Recently I wrote an Ansible playbook to extract data from an Informatica PowerCenter repository. The data was then compressed and uploaded into Nexus Repository Manager. I used the command line utility, pmrep, to execute the commands needed to connect to the Informatica repository and to extract the data. A specific Informatica user had been given the necessary privileges to execute the pmrep commands.
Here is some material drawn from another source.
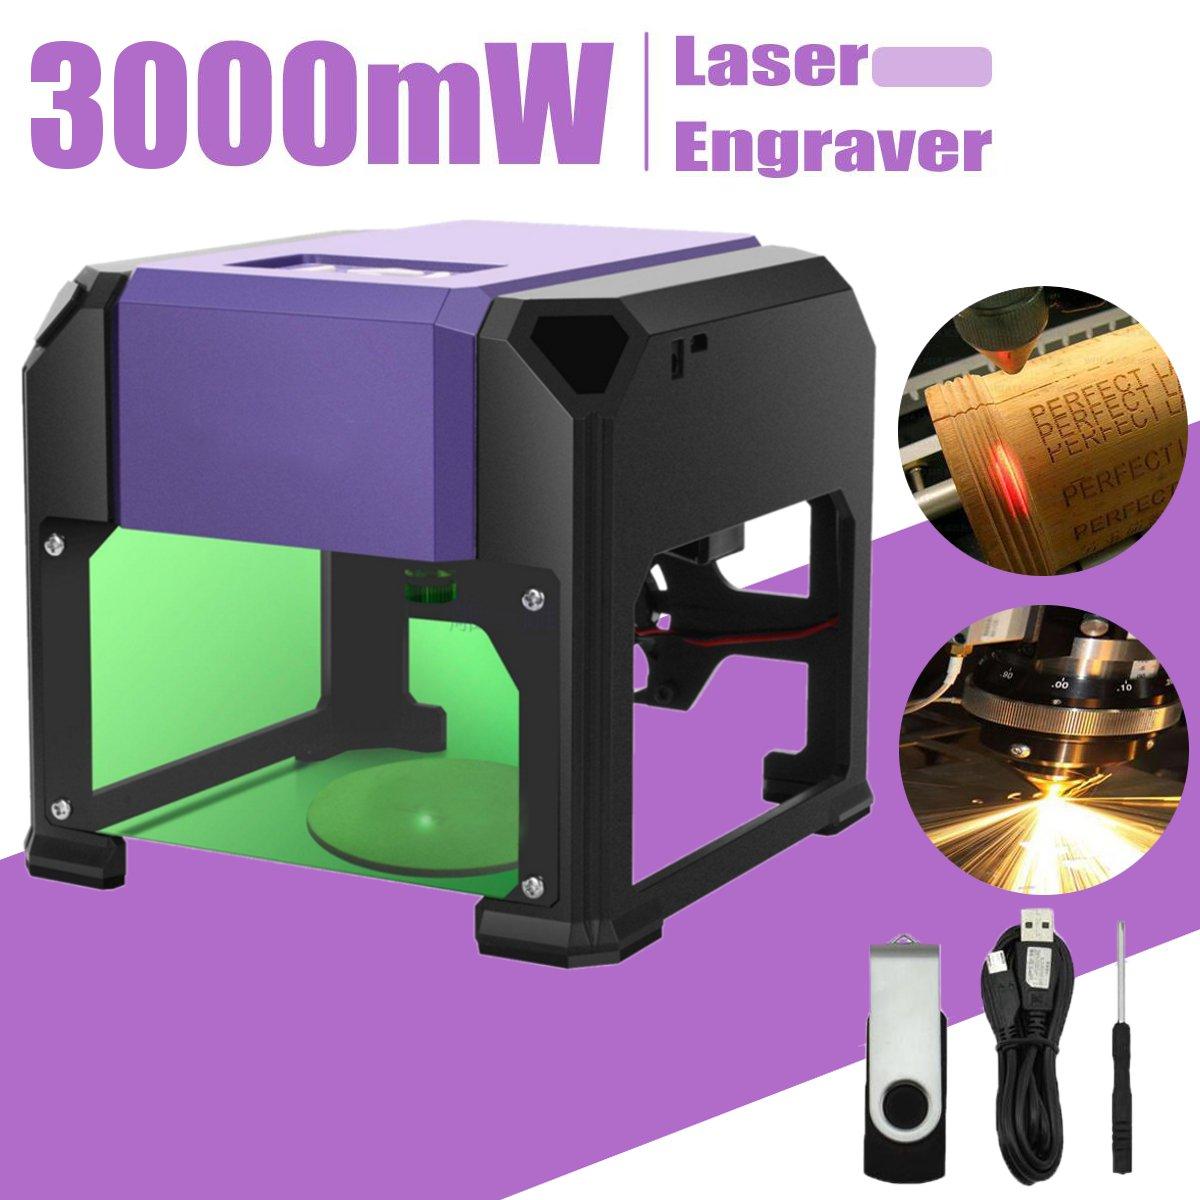 3000 mw USB De Bureau Laser Graveur Machine 80x80mm Gamme De Gravure BRICOLAGE Logo Marque Imprimante Cutter CNC Laser sculpture Machine

NOTE: To become the Informatica user, the following command was used:

sudo su – informatica-user

Ansible Become Directives

I was able to leverage Ansible’s privilege escalation functionality, Become, to execute the commands from my Ansible playbook. The Become directives allow you to execute tasks within a playbook using a different user than the user logged into the machine. There are a few locations the become directives can be set ranging from the playbook down to the task level. Not every task in my playbook needed privilege escalation, but the tasks that did had the following directives defined:

remote_user: remote-user
become: yes
become_user: informatica-user
become_method: su
remote_user

The remote user directive defines the user that will be logging into the Informatica PowerCenter server.

become

When set to yes the become directive activates privilege escalation for the task.

become_user

The become user directive defines who the user will ‘become’ when executing the task. I set this directive to the Informatica user that had been given the necessary privileges to execute pmrep commands.

become_method

The become method directive defines which privilege escalation tool (sudo, su, pbrun, pfexec, doas, dzdo, ksu, runas, machinectl) to use when becoming the new user. I chose ‘su’ since the command to switch users on the Informatica server was

sudo su – informatica-user

Fingers Crossed

I ran my playbook expecting perfection but was met with the following error when my first task using privilege escalation was executed:

{“failed”: true, “msg”: “ERROR! Timeout (12s) waiting for privilege escalation prompt: “}

Naturally I went to my most trusted resource, the internet, where I found several suggestions to increase the timeout. I increased the timeout, but unfortunately it just increased the time it took me to see the following:

{“failed”: true, “msg”: “ERROR! Timeout (40s) waiting for privilege escalation prompt: “}

I quickly tried changing the become_method directive to use ‘sudo’, with no success. It did not take long before I was consulting with my most trusted resource again.

Jackpot!

After some research I came across something that looked promising. A suggestion to set the following environment variable:

ANSIBLE_BECOME_EXE=’sudo su -‘

This directive defines which executable to use for privilege escalation. I reset the become_method directive to ‘su’, added the environment variable to my Ansible playbook command, hit enter, and… The perfection I had been waiting for! The tasks using privilege escalation executed successfully, logging into the Informatica server and switching to the Informatica user.

The executable to use for privilege escalation can also be set in Ansible’s configuration file, ansible.cfg by entering the following:

[privilege_escalation]
become_exe=’sudo su -‘

While I did not lose all day trying to figure this out, it did take some time and head scratching.

3 thoughts to “Ansible privilege escalation using ‘sudo su -‘

  • some thinking

    hi, Bos, I’m facing a same issue like you, after taken your idea, I found there still have some problems, follow you setting, machineA don’t need to input password when exec “sudo su -“, so it workd on A, but others machines need input password again when sudo su-, so playwork doesn’t work well,
    I guess all your servers can directly sudo , but regarding my sitution, do you have any ideas ?

    Reply
  • Maxence

    Thank you Bob for your pointers.
    While discussing that matter with a colleague, he pointed me out that the official documentation says you may also use the option directly in the task (which could be useful). The only problem is it’s pretty poorly documented, but it works the same way you described.
    I have tested it with success.

    https://docs.ansible.com/ansible/latest/reference_appendices/playbooks_keywords.html

    Regards.

    Reply
  • Ethan A

    Add the following to the task and it should work:
    – name: task to do something awesome
    shell: do something
    become_method: su
    become_exe: “sudo su -”

    Thank you for the article! Definitely helped.